**AIM OF THE EXERCISE**
Lines from the one containing "Residence quận 2Mặt" through the last line of the records below need to be repeated exactly; nothing else, and no pictures.

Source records
───

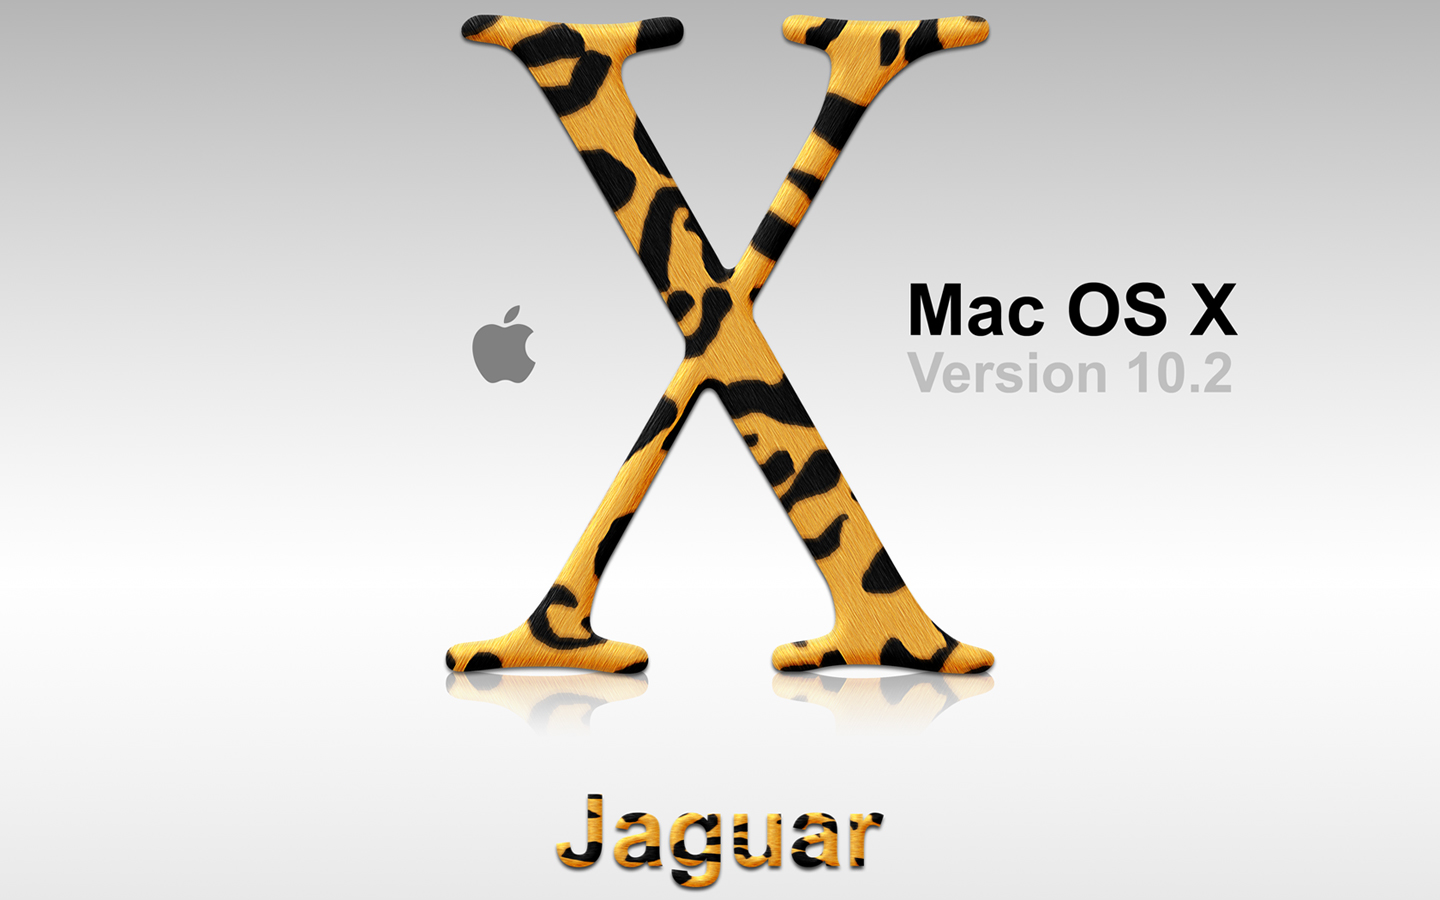 23 августа в истории: выход культовой ролевой игры Ultima III: Exodus и операционной системы Mac OS X 10.2 Jaguar
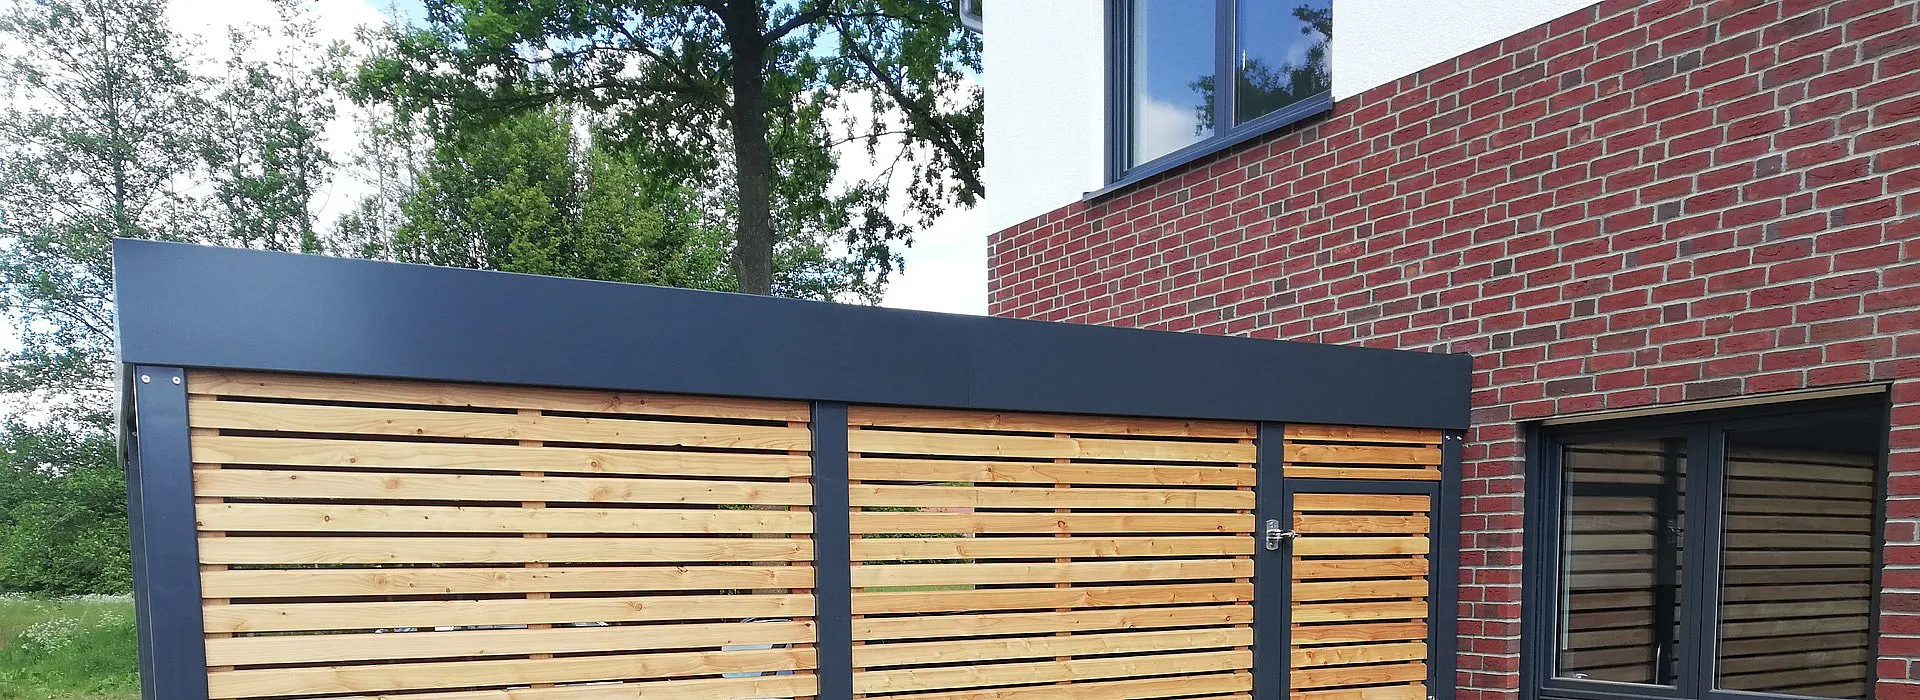 anthrazit farbenes Carport aus Metall und Holz in Einfahrt mit angrenzendem Holzschuppen, Seiteneingang
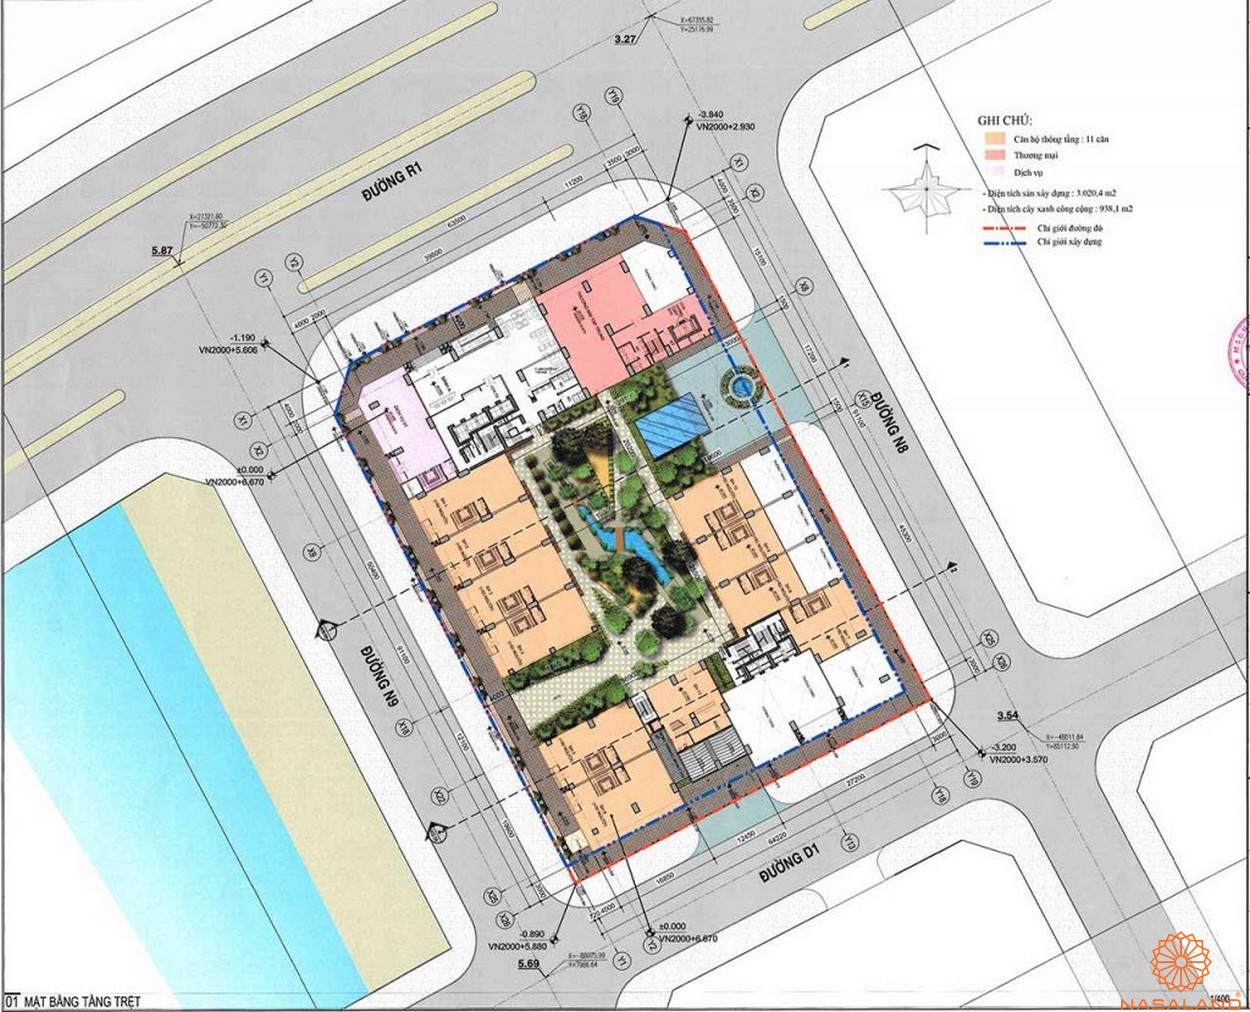 Mặt bằng tầng trệt dự án căn hộ Riverfront Residence quận 2Mặt bằng tầng trệt dự án căn hộ Riverfront Residence quận 2
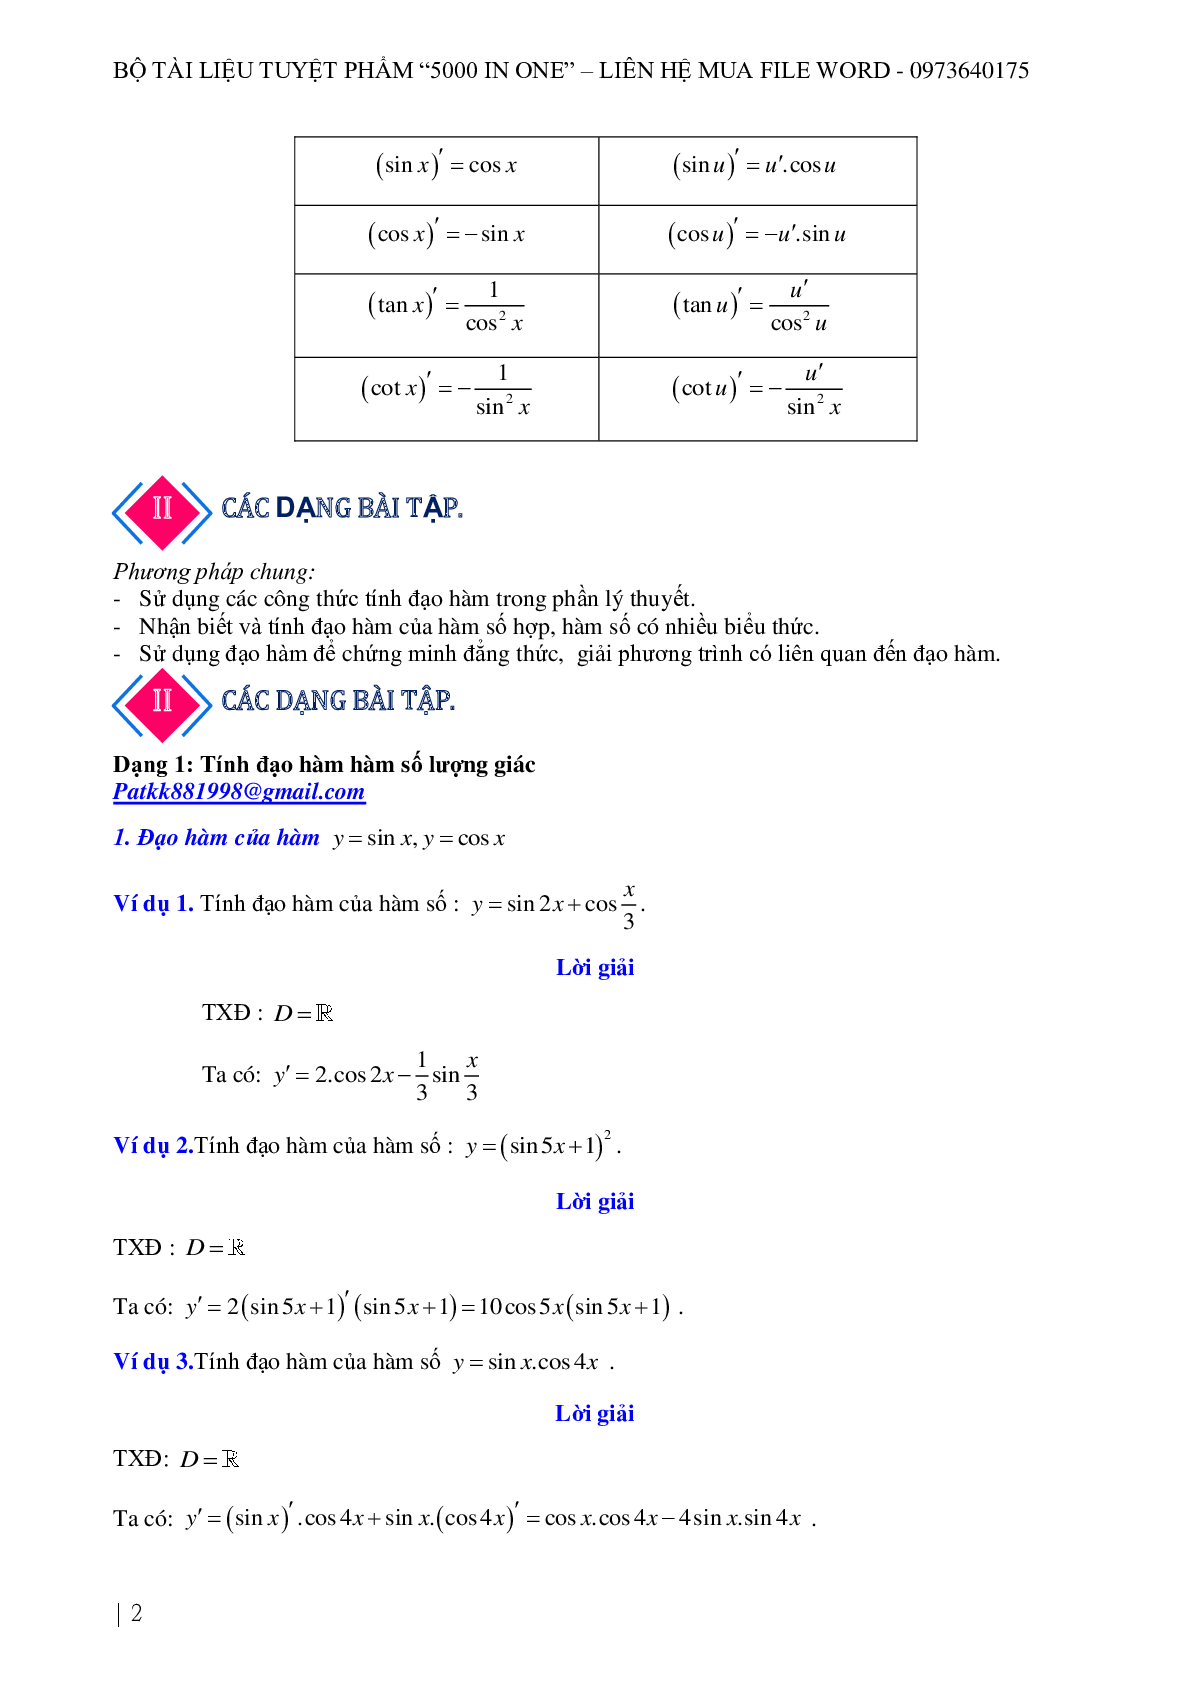 Chuyên đề Đạo hàm của hàm số lượng giác 2023 hay, chọn lọc (trang 2)
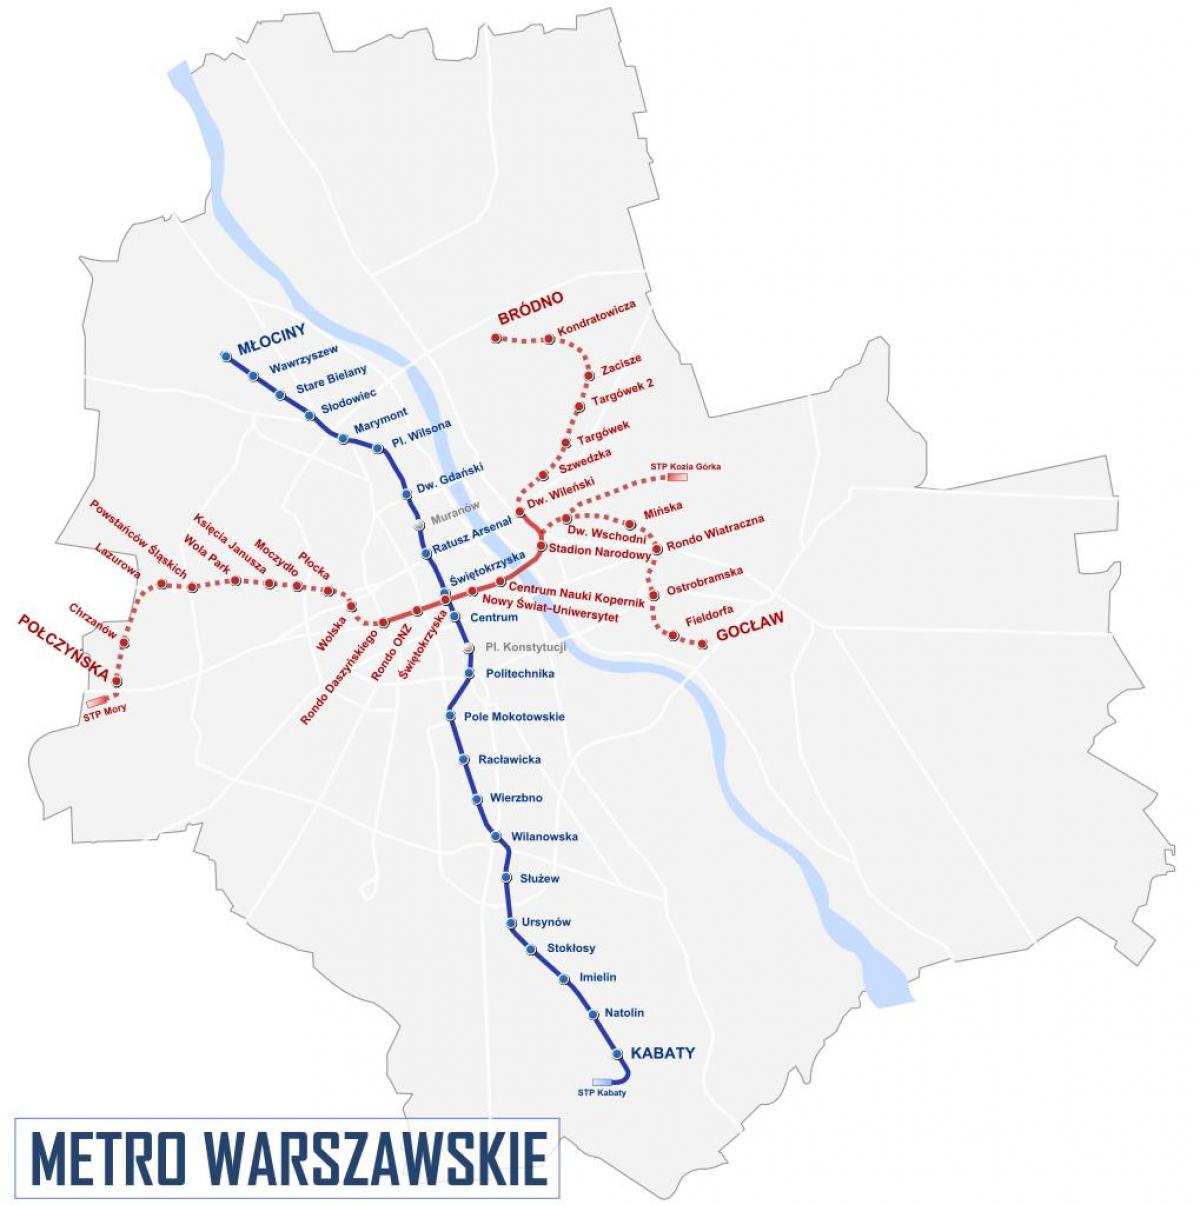 Mapa de Varsovia metro 2016
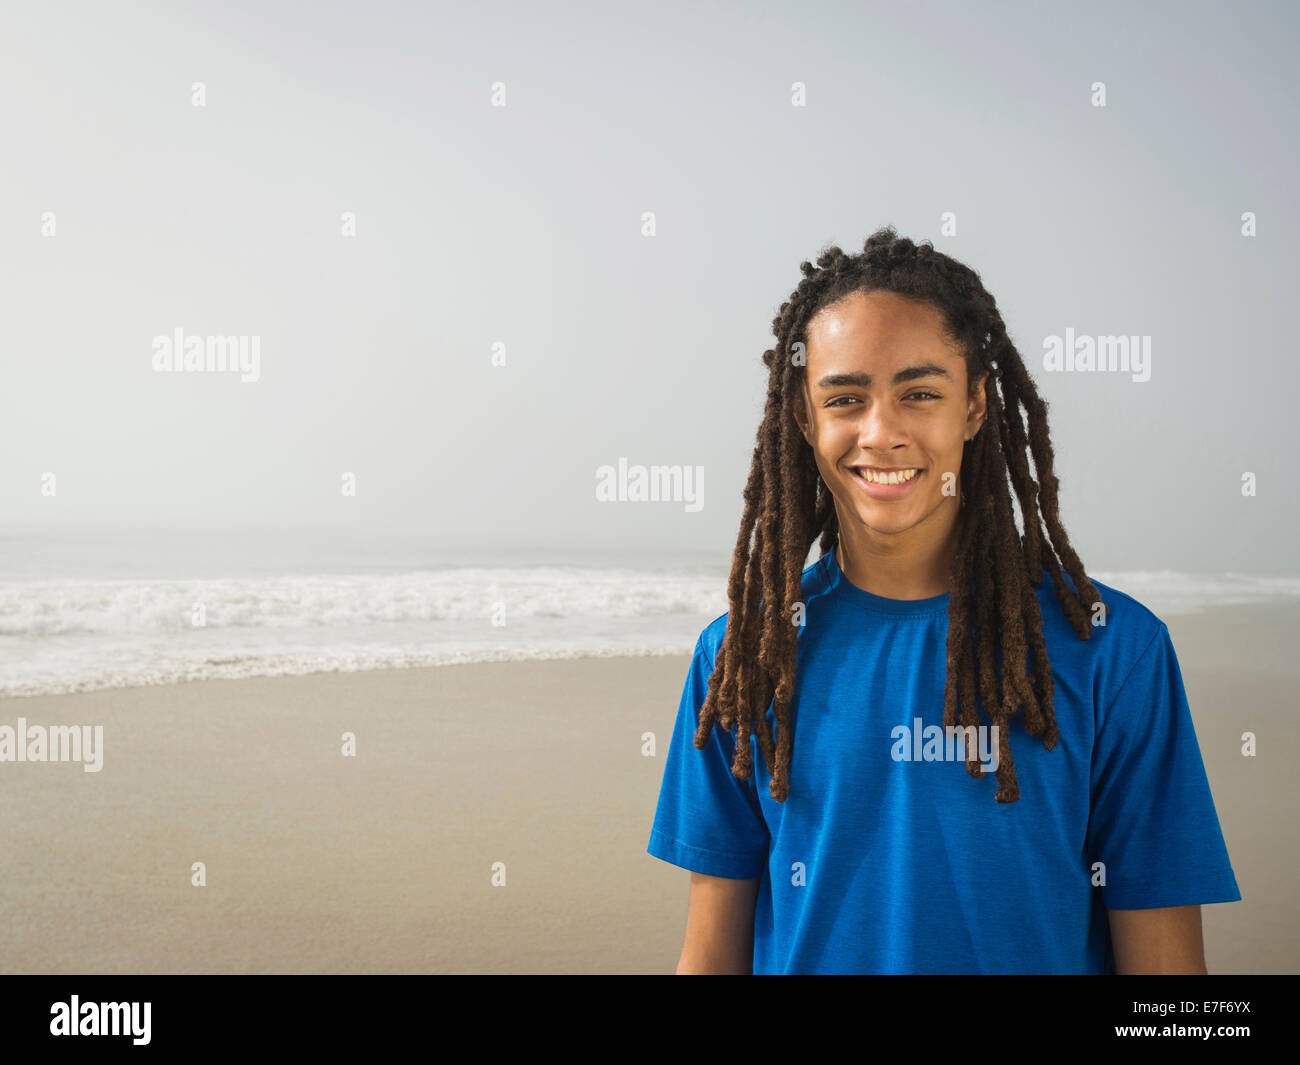 Adolescente negro sonriente en la playa Foto de stock

───

**ANSWER TO THIS EXERCISE**
 Mặt bằng tầng trệt dự án căn hộ Riverfront Residence quận 2Mặt bằng tầng trệt dự án căn hộ Riverfront Residence quận 2
 Chuyên đề Đạo hàm của hàm số lượng giác 2023 hay, chọn lọc (trang 2)
 Mapa de Varsovia metro 2016
 Adolescente negro sonriente en la playa Foto de stock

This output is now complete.